■ What the task asks
Reproduce the entire listing exactly. Leave the pictures out.

■ Information supplied
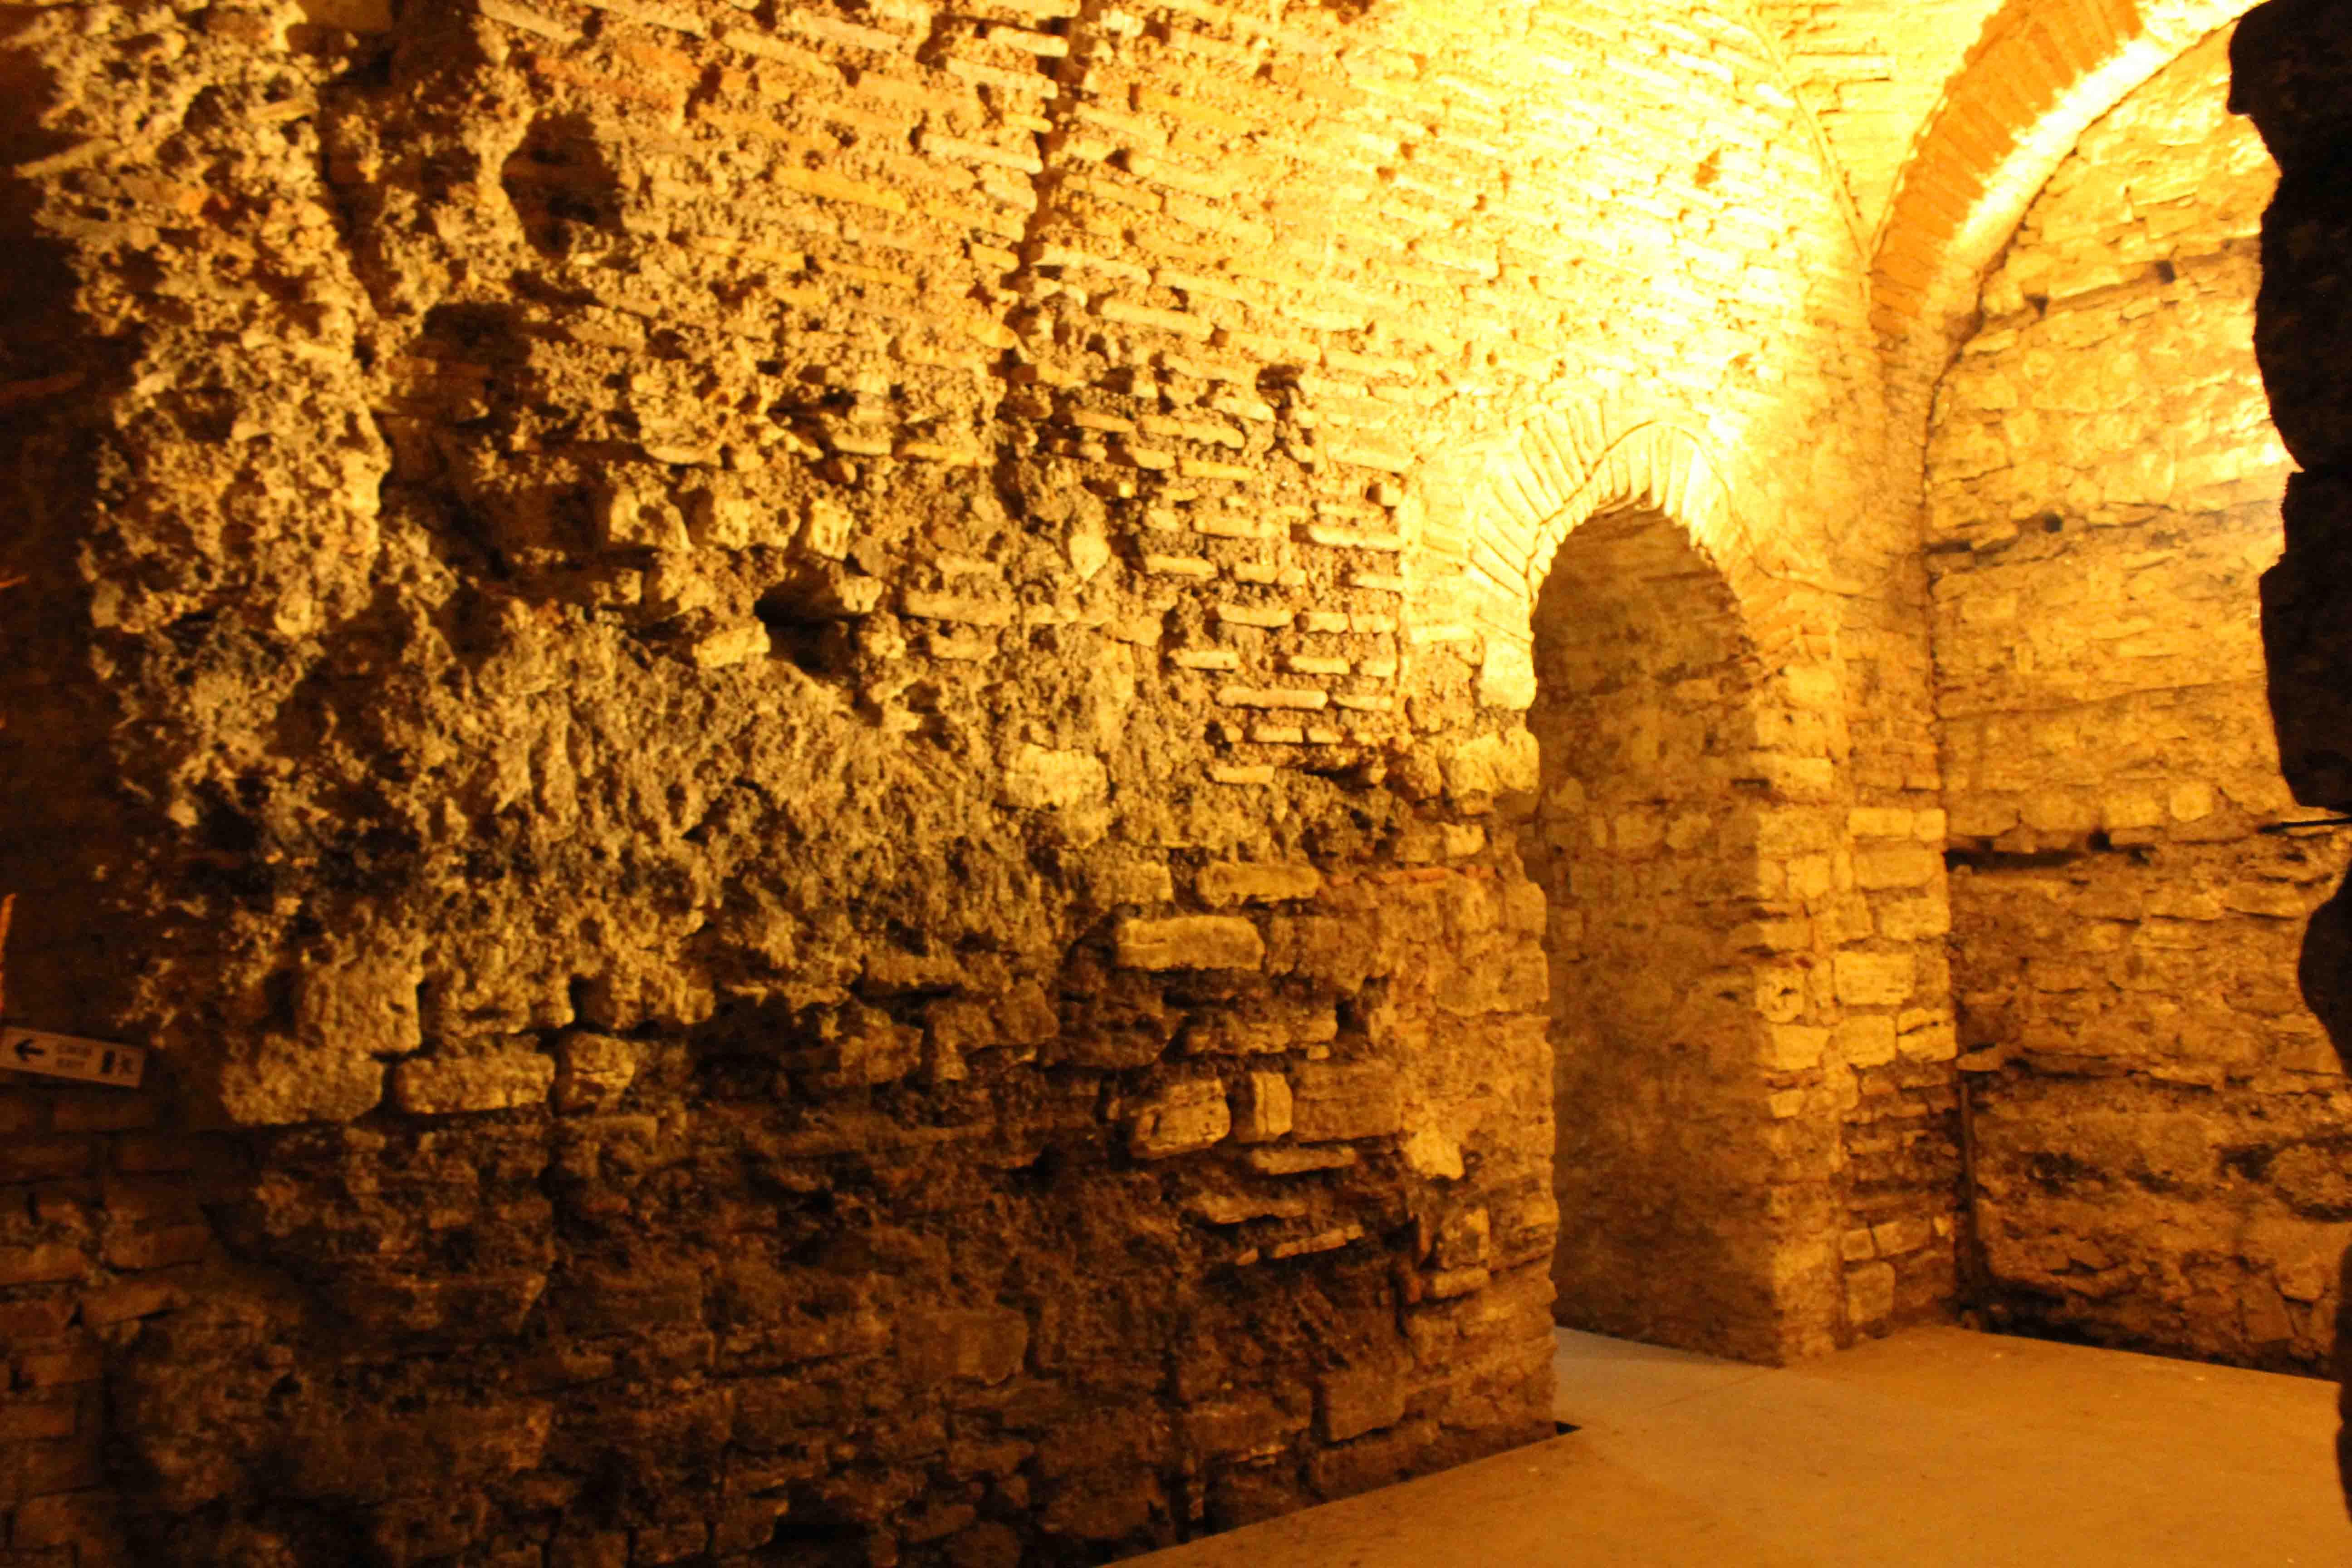 http://www.alburakathisma.com/images/galeri/orjinal/albura-Cistern-83.jpg
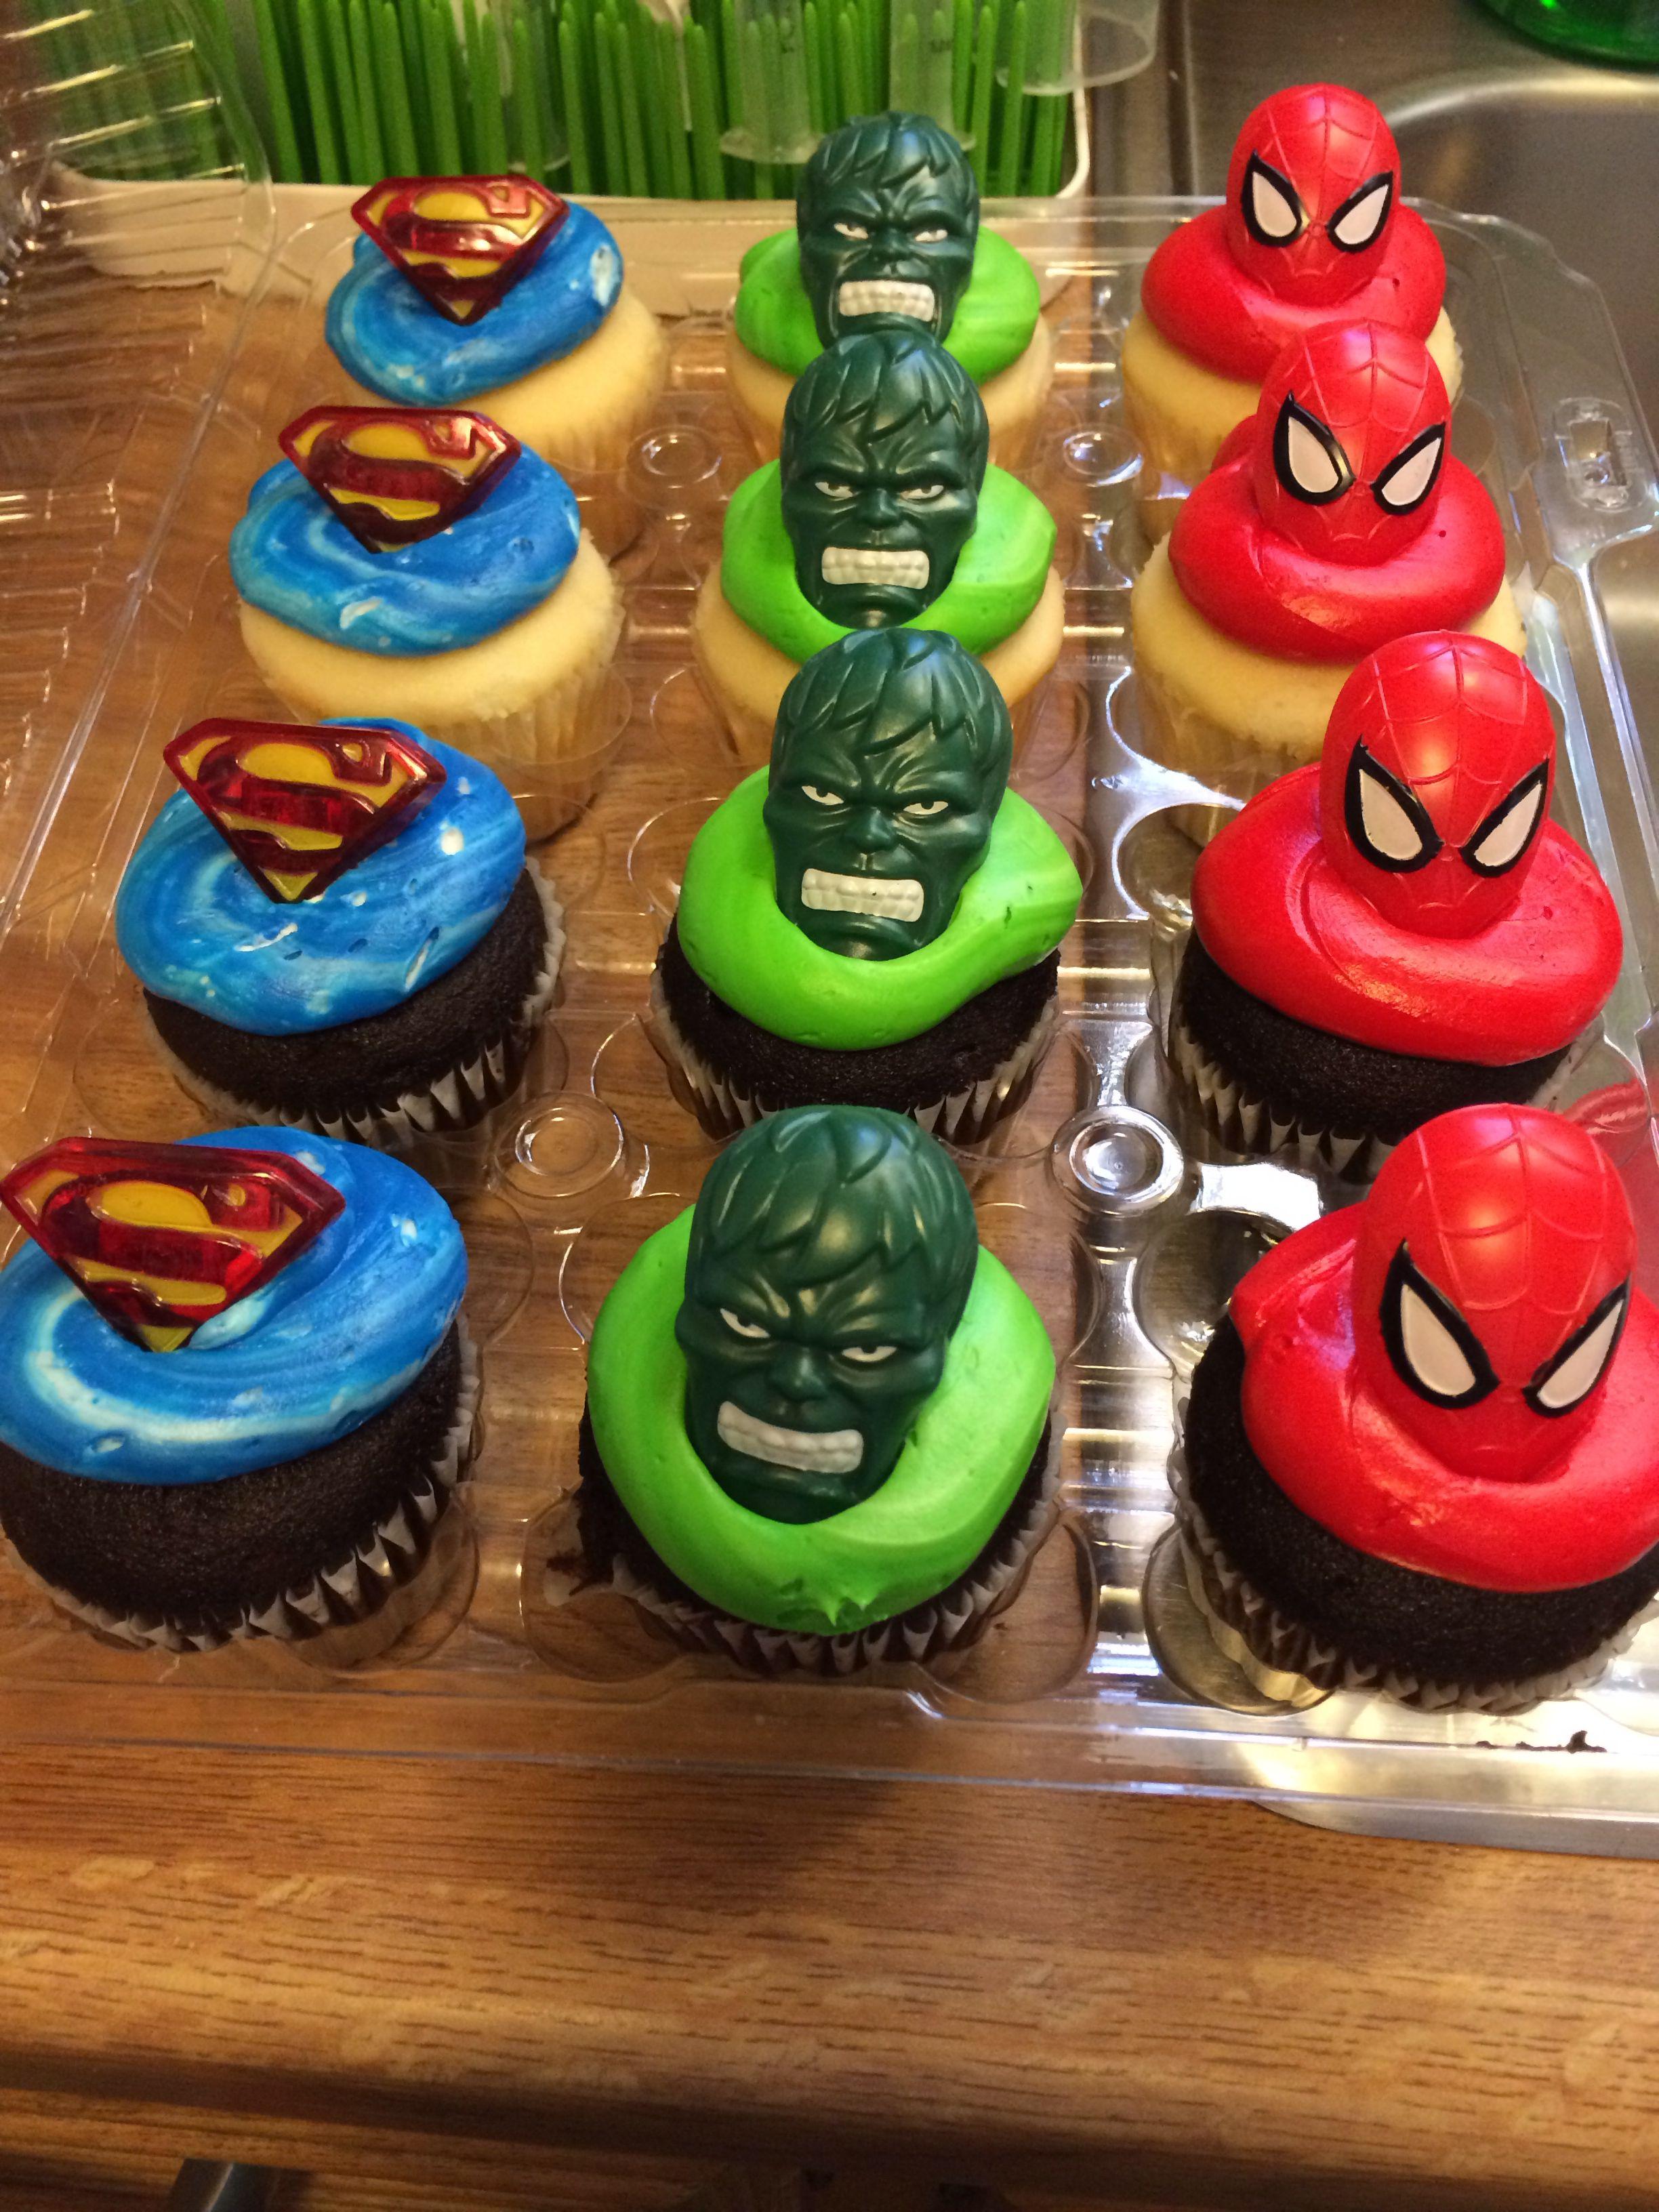 Superhero Rings On Store Bought Cupcakes Tom Thumb For Cheap Birthday Cake Kids Love
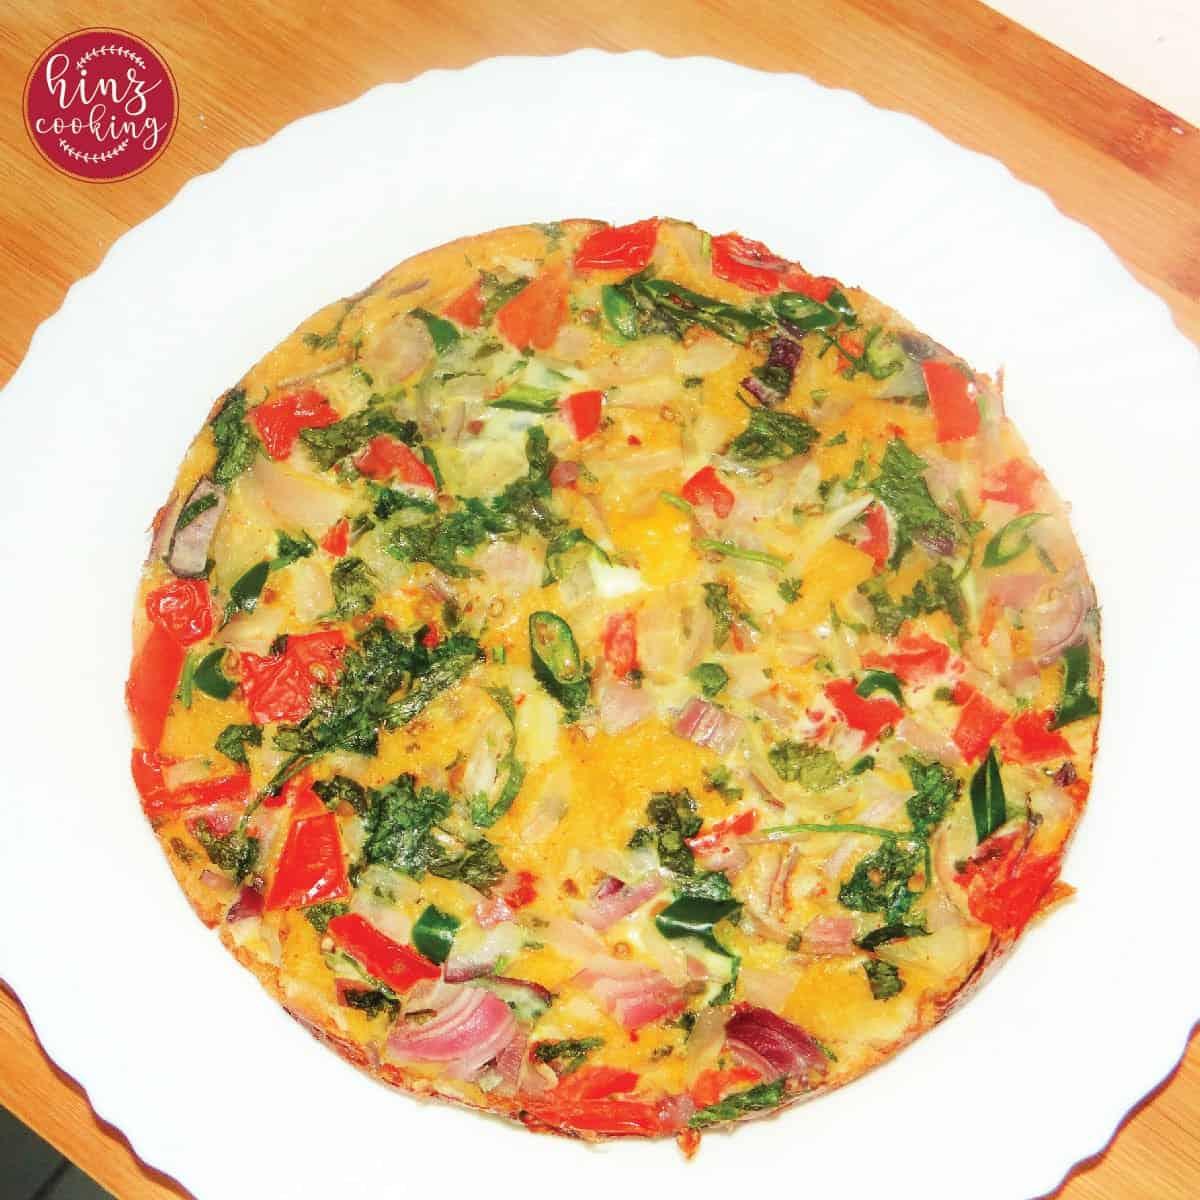 Easy Egg And Bread Breakfast Recipe Idea

■ Written solution
 http://www.alburakathisma.com/images/galeri/orjinal/albura-Cistern-83.jpg
 Superhero Rings On Store Bought Cupcakes Tom Thumb For Cheap Birthday Cake Kids Love
 Easy Egg And Bread Breakfast Recipe Idea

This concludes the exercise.